Education is one of the greatest tools at the hands of an individual. The Indian Constitution declares education to be one of the basic rights of an individual. India is the second largest market for e-learning in the world, with a four times increase in investment in the Indian EdTech sector in 2020. The different models of EdTech have been plied, including the flipped classroom model, linear and collaborative learning, online tutorials, online certificate courses, synchronous and asynchronous mode of teaching, credit transfer courses from foreign universities, gamification of education, online library etc. With the rapid growth of EdTech companies, many different questions need to be given immediate attention. Protection of data privacy, legal recourse in case of fraud and non-compliance of rules, jurisdiction in matters relating to education e-commerce, business regulations to be adhered to by EdTech companies, child privacy, online defamation, misleading advertisements, false claims are some of the myriad of concerns to be addressed.
EdTech Companies: Provider of Educational ‘Services’
In order to ascertain the legal status of EdTech Companies, it is necessary to understand the legal status of education providers over the years. The legal jurisprudence surrounding the status of education as a service is not static, therefore, its status under the Consumer Protection Act, 1986 was ambiguous. While certain cases have held educational institutions to be providers of a service, and hence within the ambit of the 1986 act, others have ruled that imparting education cannot be a ‘service’, and students cannot be ‘consumers’. However, in the case of P.A. Inamdar, it has been ruled that educational institutions and coaching centres/test prep centres are not at par. Coaching institutions are not regulated by a regulatory body, students do not receive any certification, no examinations are conducted and are profitable and commercial in nature. EdTech Companies are similar to coaching institutions and provide a myriad of services. They do not fall within the ambit of an educational institution. Hence, EdTech Companies will be subject to the Consumer Protection Act, 2019 and the Consumer Protection (E-Commerce) Rules, 2020 as a service provider. However, based on the business model, a case by case analysis may be required.
Legal Status of EdTech Companies under the Consumer Protection (E-Commerce) Rules, 2020
In order to understand the significance of the Consumer Protection (E-Commerce) Rules 2020, it is important to trace the legal status of EdTech Companies under the same. The Rules were introduced with a view to formulate rules for entities that transact in the digital space. The Consumer Protection Act, 2019 defines e-commerce to mean “buying or selling of goods or services including digital products over digital or electronic network” This is a very wide and vague definition, by virtue of which any entity offering services over the internet will become an “e-commerce entity.” The Rules, on the other hand, define an “e-commerce entity” as any person who owns, operates or manages digital or electronic facility or platform for electronic commerce.
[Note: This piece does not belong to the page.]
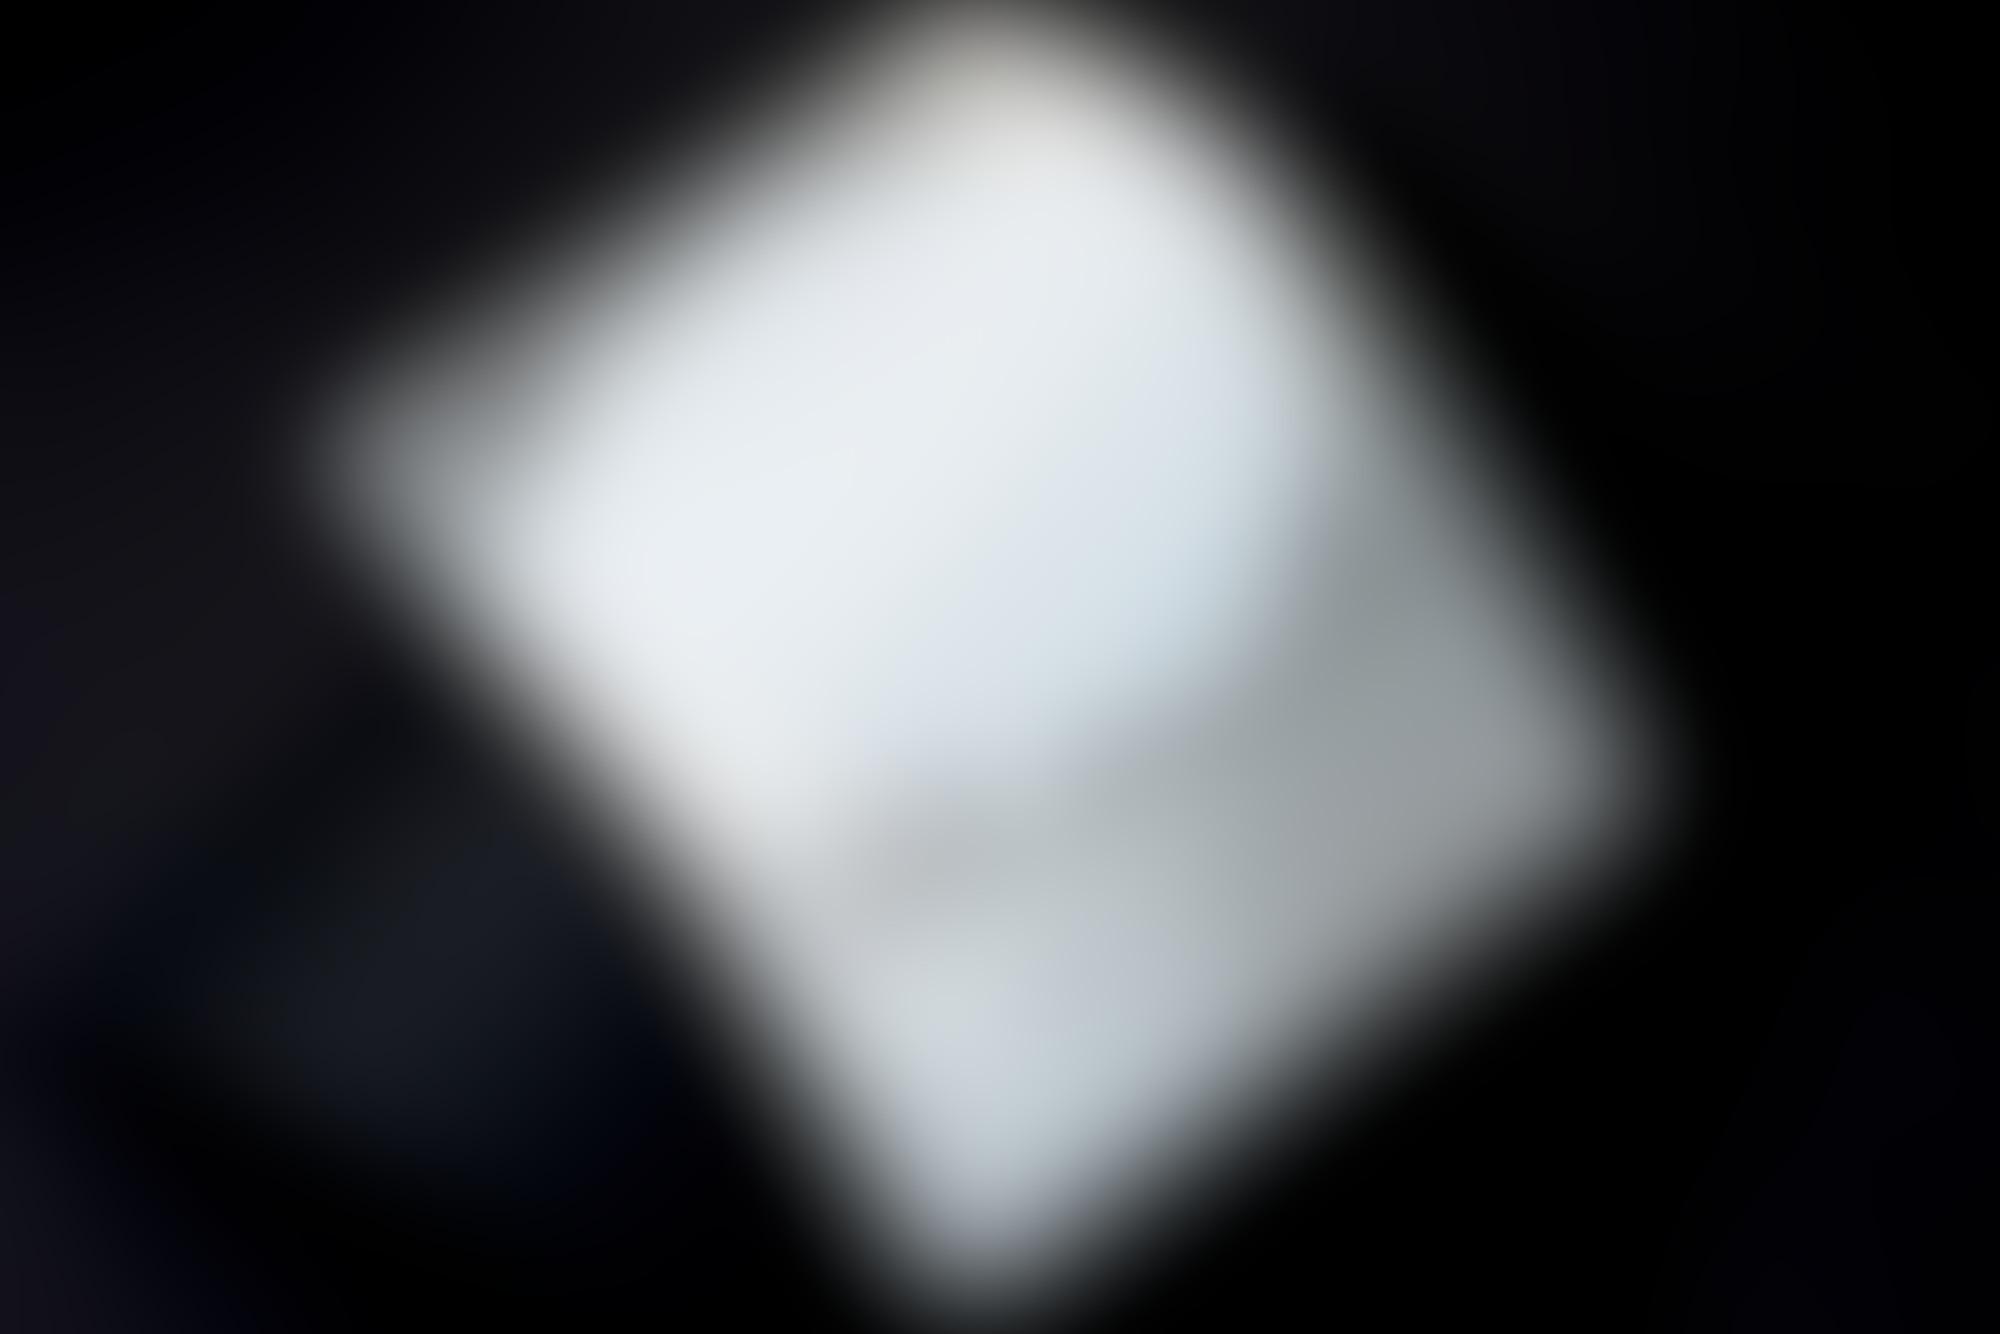 Warriors studio new worlds 1000 wide lip1 autocompressfitresizeixlibphp 1 1 0max h2000max w3 D2000q80s45a1473ec3965009ac55e7e010f53d95

This definition is narrower and allows less scope for ambiguities. According to this definition, an EdTech Company providing skill-based, teaching or tutoring services for a fee is an “e-commerce entity”, subject to the provisions of the said Act and Rules.
The Rules further distinguish between two types of e-commerce entities: inventory e-commerce entity and marketplace e-commerce entity. An inventory e-commerce entity is “an e-commerce entity which owns the inventory of goods or services and sells such goods or services directly to the consumers and shall include single brand retailers and multi-channel single brand retailers” and marketplace e-commerce entity is “an e-commerce entity which provides an information technology platform on a digital or electronic network to facilitate transactions between buyers and sellers”. EdTech companies can fall within either of these definitions. The Rules stipulate varying degree of compliances depending on the type of e-commerce entity. These rules will prompt such companies to adhere to the various requirements and consumers have a platform for the redressal of grievances against EdTech companies.
Hence, it is clear that EdTech Companies are legally recognised as an “e-commerce entity” under the Consumer Protection (e-commerce) Rules, 2020 and is subject to the compliances under the Act as well as the Rules.
Brief Legal History
The Consumer Protection Act, 2019 replaced the Consumer Protection Act, 1986 in an attempt to re-vamp the consumer protection laws to bring in better mechanisms for redressal of disputes, stricter liabilities, protection of data, etc. The Consumer Protection (e-commerce) Rules, 2020 were enacted under the 2019 Act, by the Ministry of Consumer Affairs, Food and Public Distribution on July 23, 2020. It was enacted with an intent to prevent unfair trade practices in e-commerce and protect interests and rights of consumers.
The 1986 Act was enacted in order to address consumer grievances and provide legal redressal to those who were subjected to fraud and misrepresentation. However, the act did not remain relevant in the 21st century as it did not take into account the fast changing new-age economy, e-commerce platforms, online shopping, etc. The government, as a result, decided to enact an altogether new act in order widen the ambit of consumer protection laws in India. The Consumer Protection (E-Commerce) Rules, 2020 were enacted to address the distinct and particular issues that arise in the e-commerce platform. It was enacted, First, to provide the online customer with the same right and protections as available to a traditional customer. Second, EdTech has become a medium of exchange of services and products and has attracted electronic transactions, thereby inviting ECommerce regulations. The rules will play a significant role in regulation. Finally, these rules provide a lot of clarity on the legal construction of an EdTech Company.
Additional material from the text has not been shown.